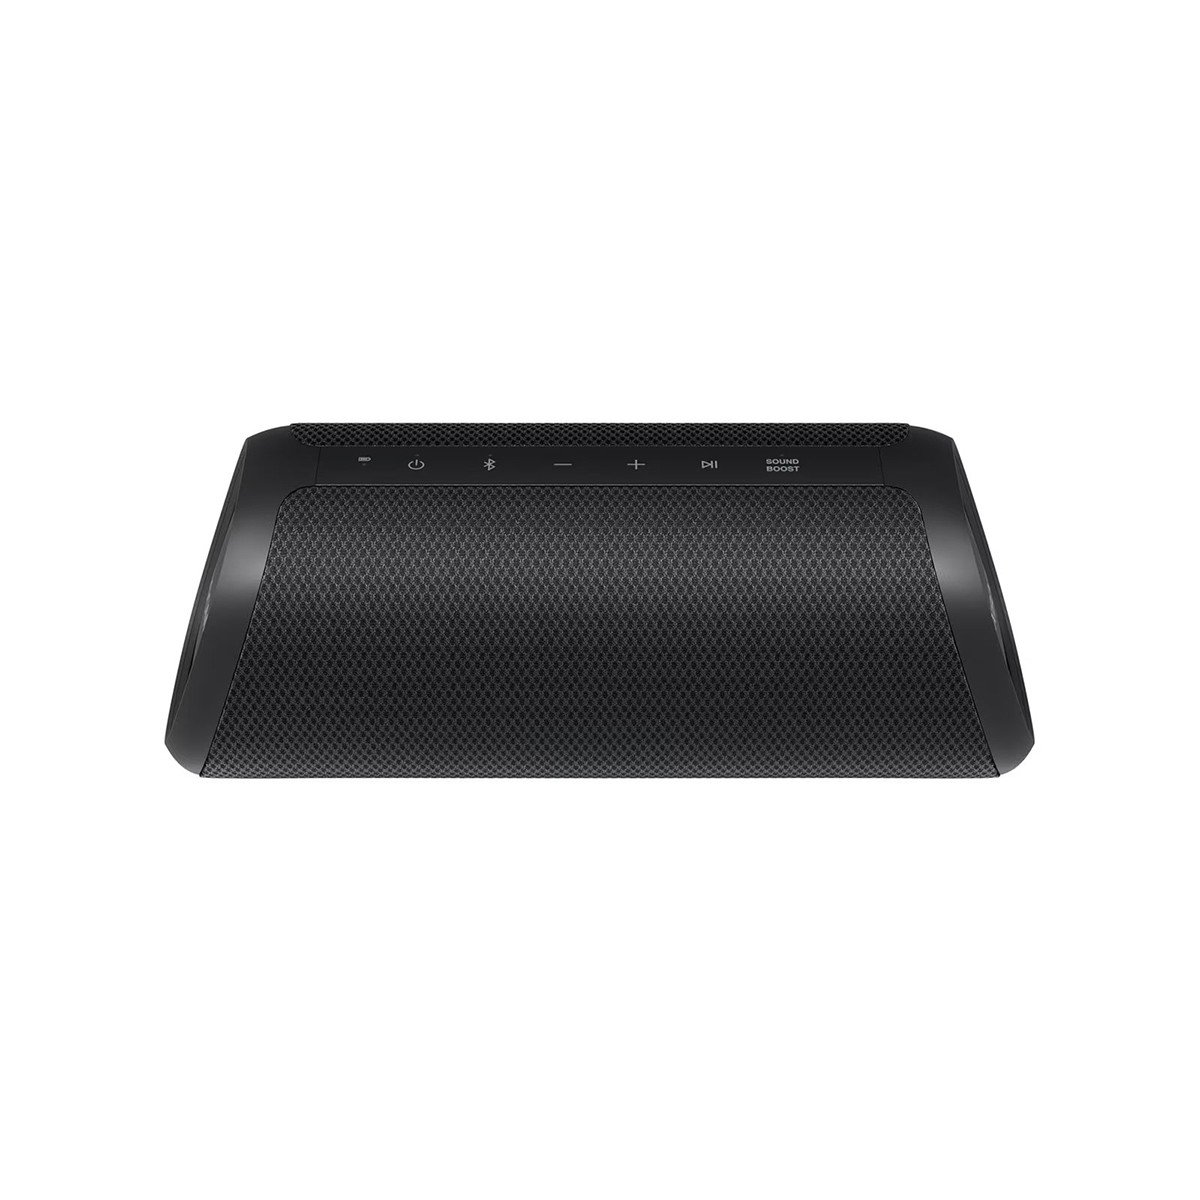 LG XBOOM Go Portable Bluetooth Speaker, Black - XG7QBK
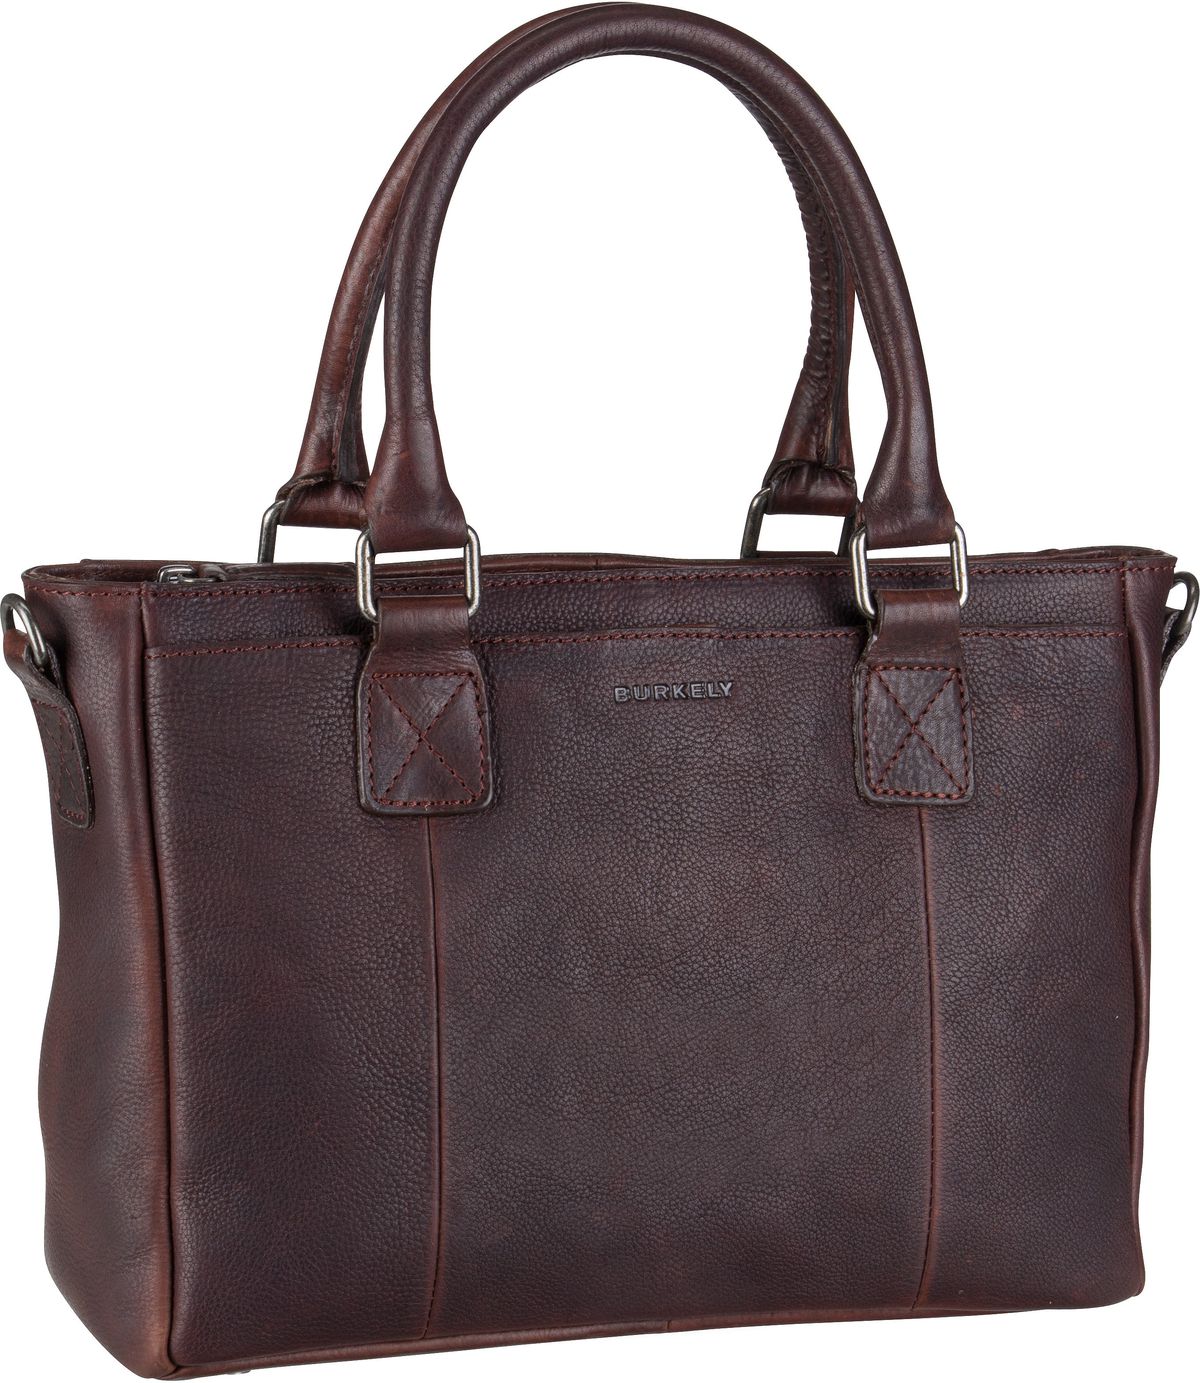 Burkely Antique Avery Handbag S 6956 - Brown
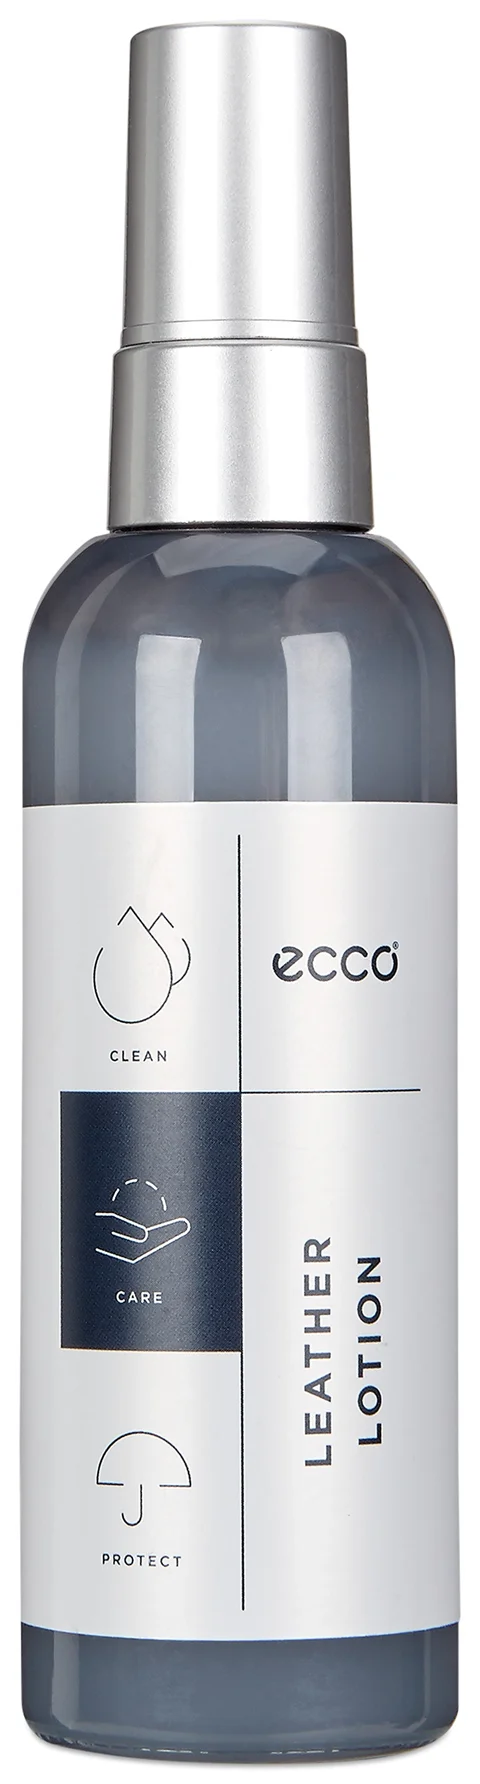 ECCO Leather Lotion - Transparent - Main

# What to produce
This task calls for the lines from the line holding "Burkely Antique Avery Handbag S 6956 - Brown" through the last line above, restated word for word with both ends included and the pictures dropped.

# Written response
 Burkely Antique Avery Handbag S 6956 - Brown
 ECCO Leather Lotion - Transparent - Main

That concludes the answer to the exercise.